(TASK PROMPT) Of the entries below, return exactly those lines that fall between the one containing "ZUKR Natural Organic" and the one containing "The task of", the two end lines included.

(RECORDS)
*** Block opens ***

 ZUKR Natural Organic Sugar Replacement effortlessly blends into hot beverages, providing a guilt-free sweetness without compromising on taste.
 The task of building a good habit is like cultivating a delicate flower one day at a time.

*** Block closes ***
*** Block opens ***

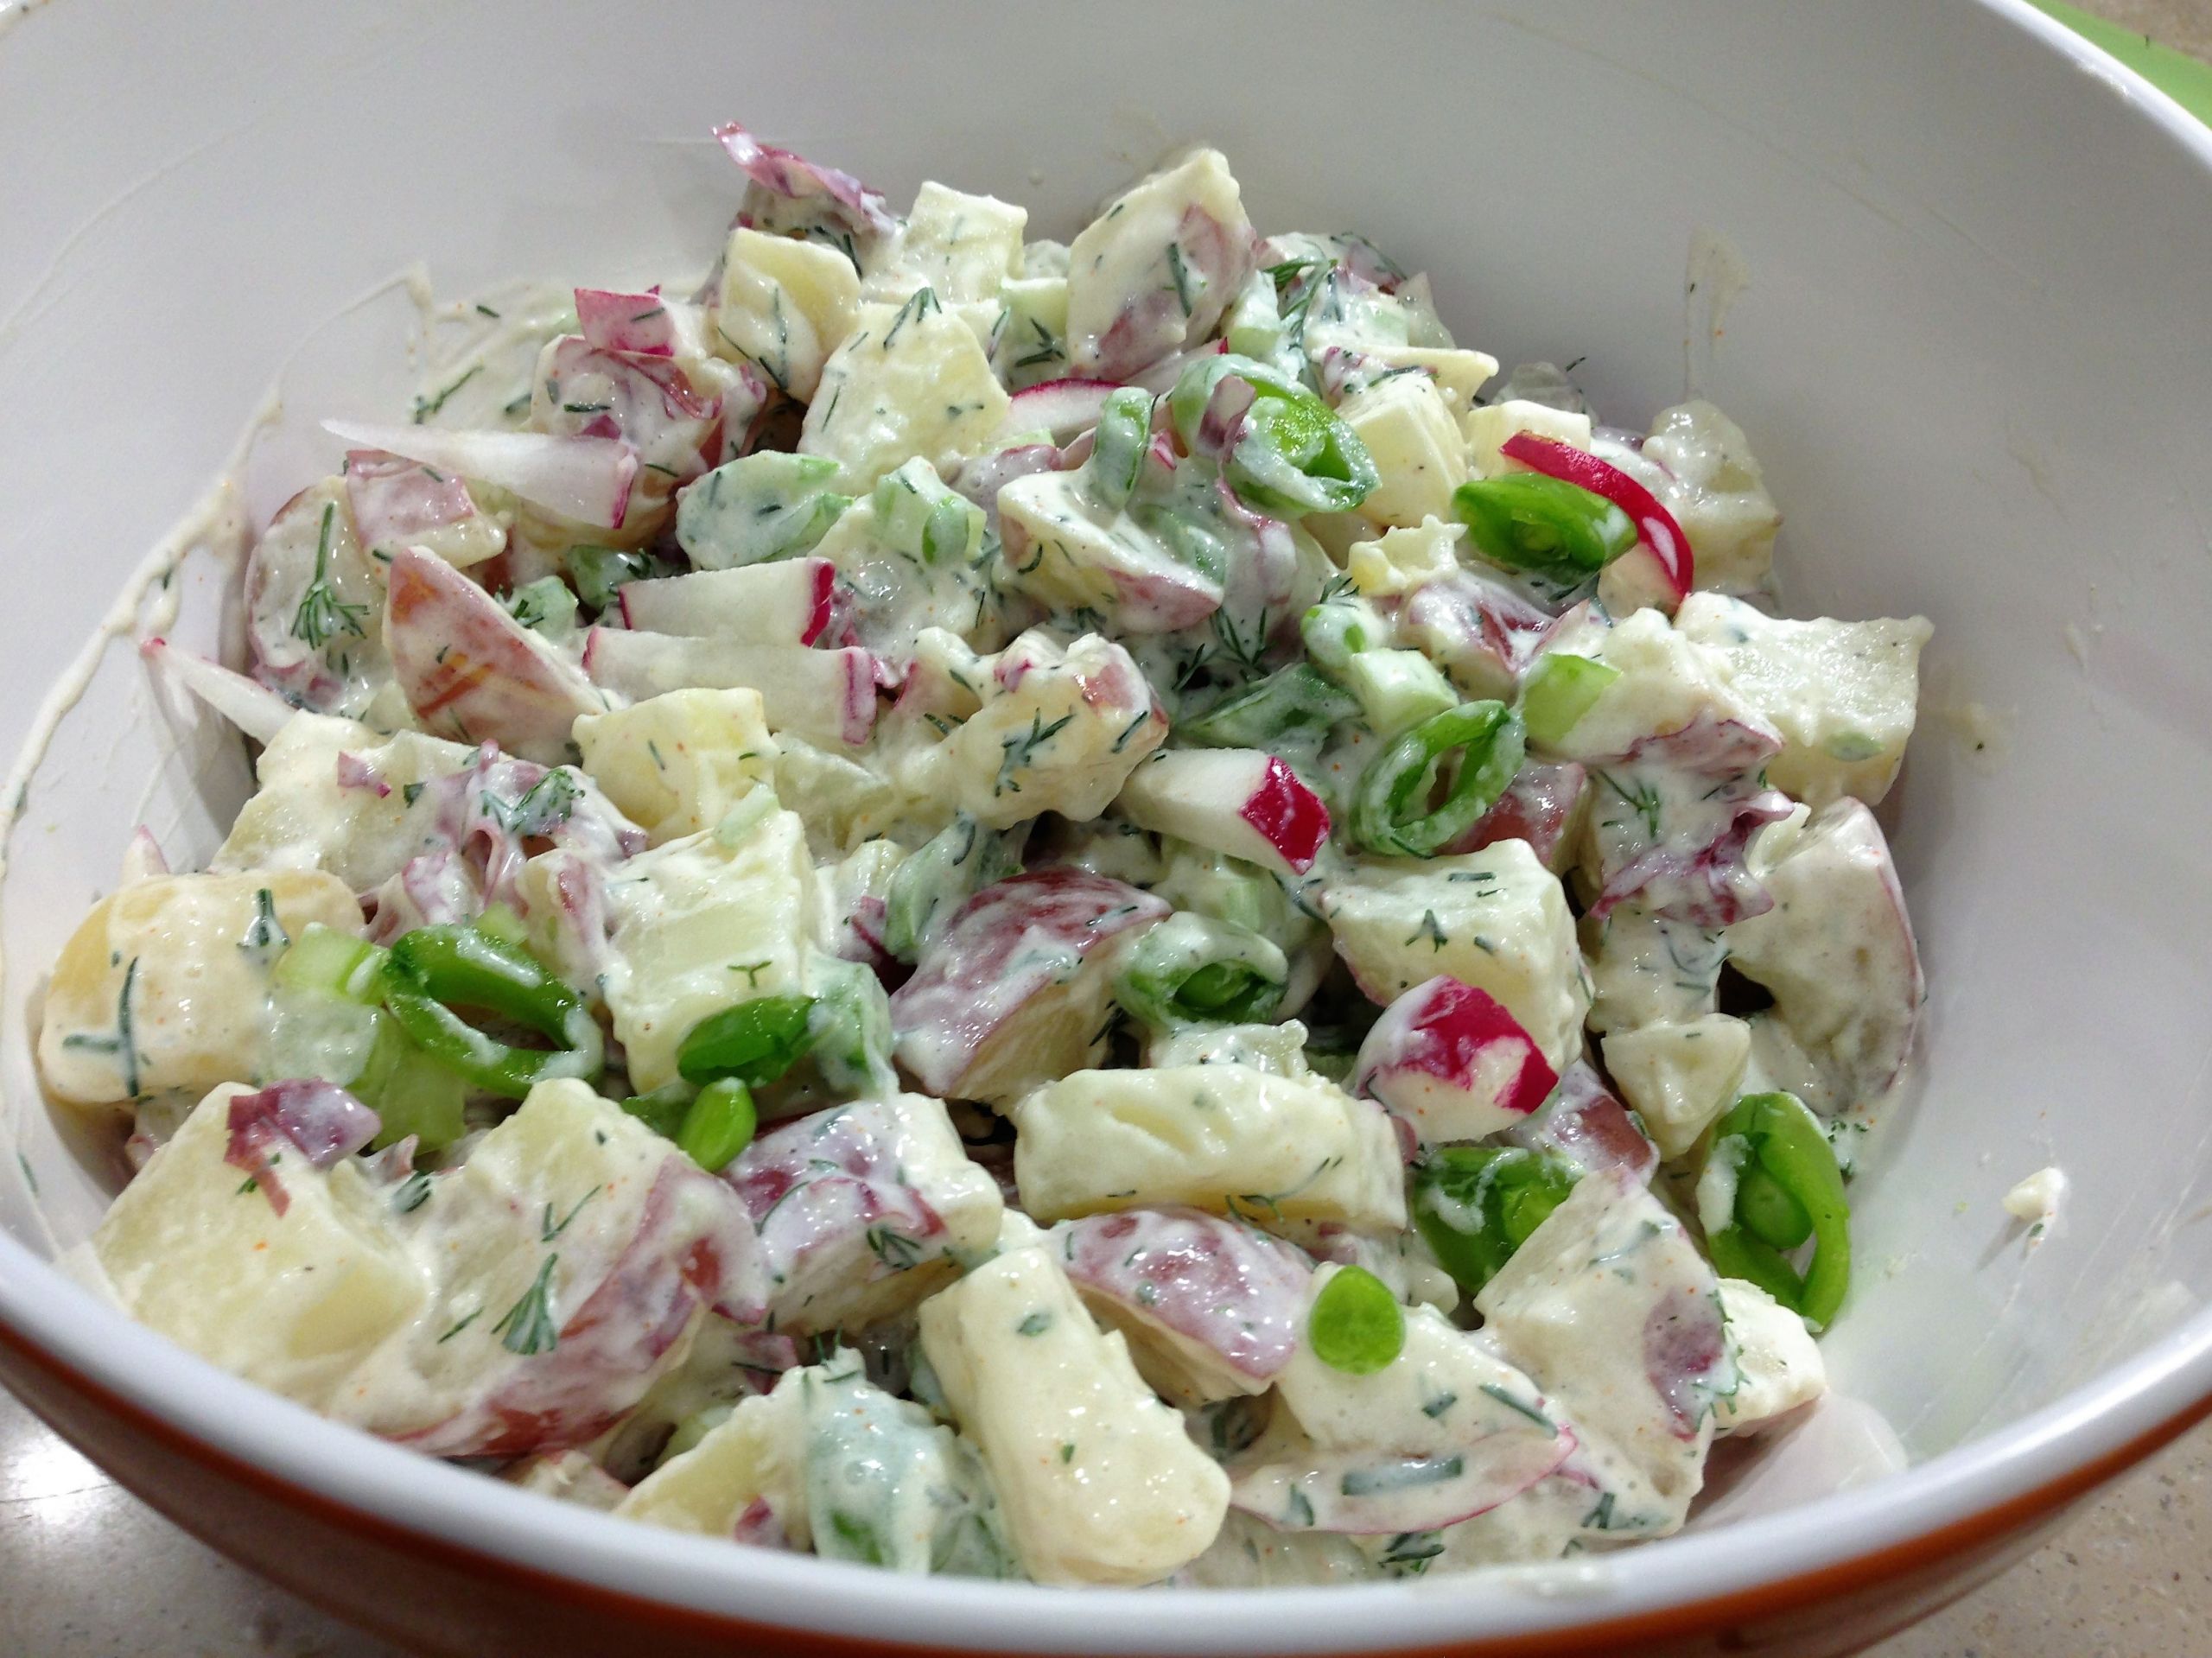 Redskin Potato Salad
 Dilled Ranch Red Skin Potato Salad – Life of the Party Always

*** Block closes ***
*** Block opens ***

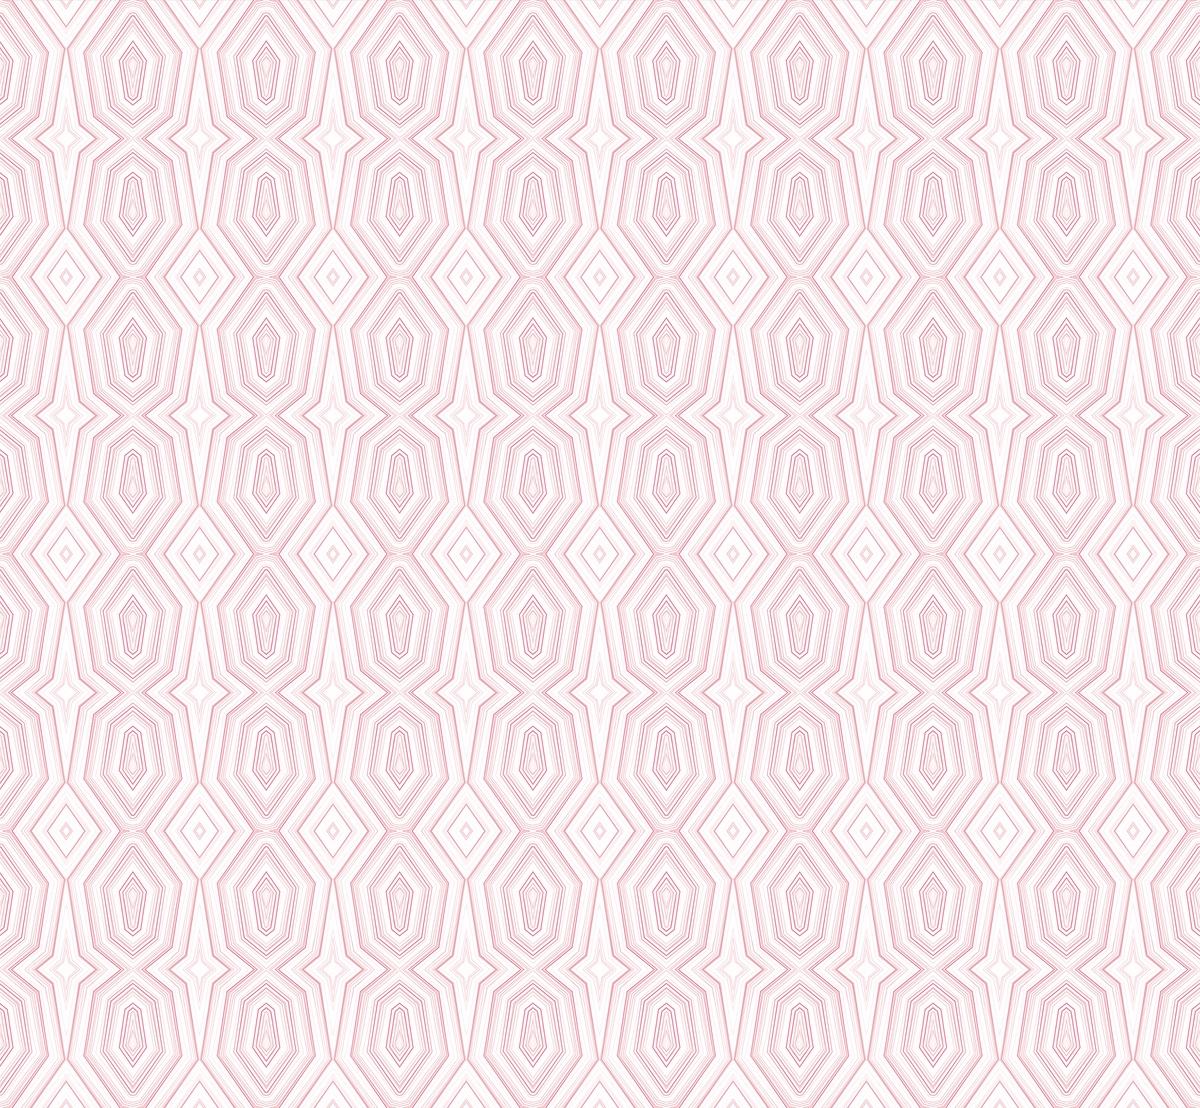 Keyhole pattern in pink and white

*** Block closes ***

(RESULT OF THIS EXERCISE)
 ZUKR Natural Organic Sugar Replacement effortlessly blends into hot beverages, providing a guilt-free sweetness without compromising on taste.
 The task of building a good habit is like cultivating a delicate flower one day at a time.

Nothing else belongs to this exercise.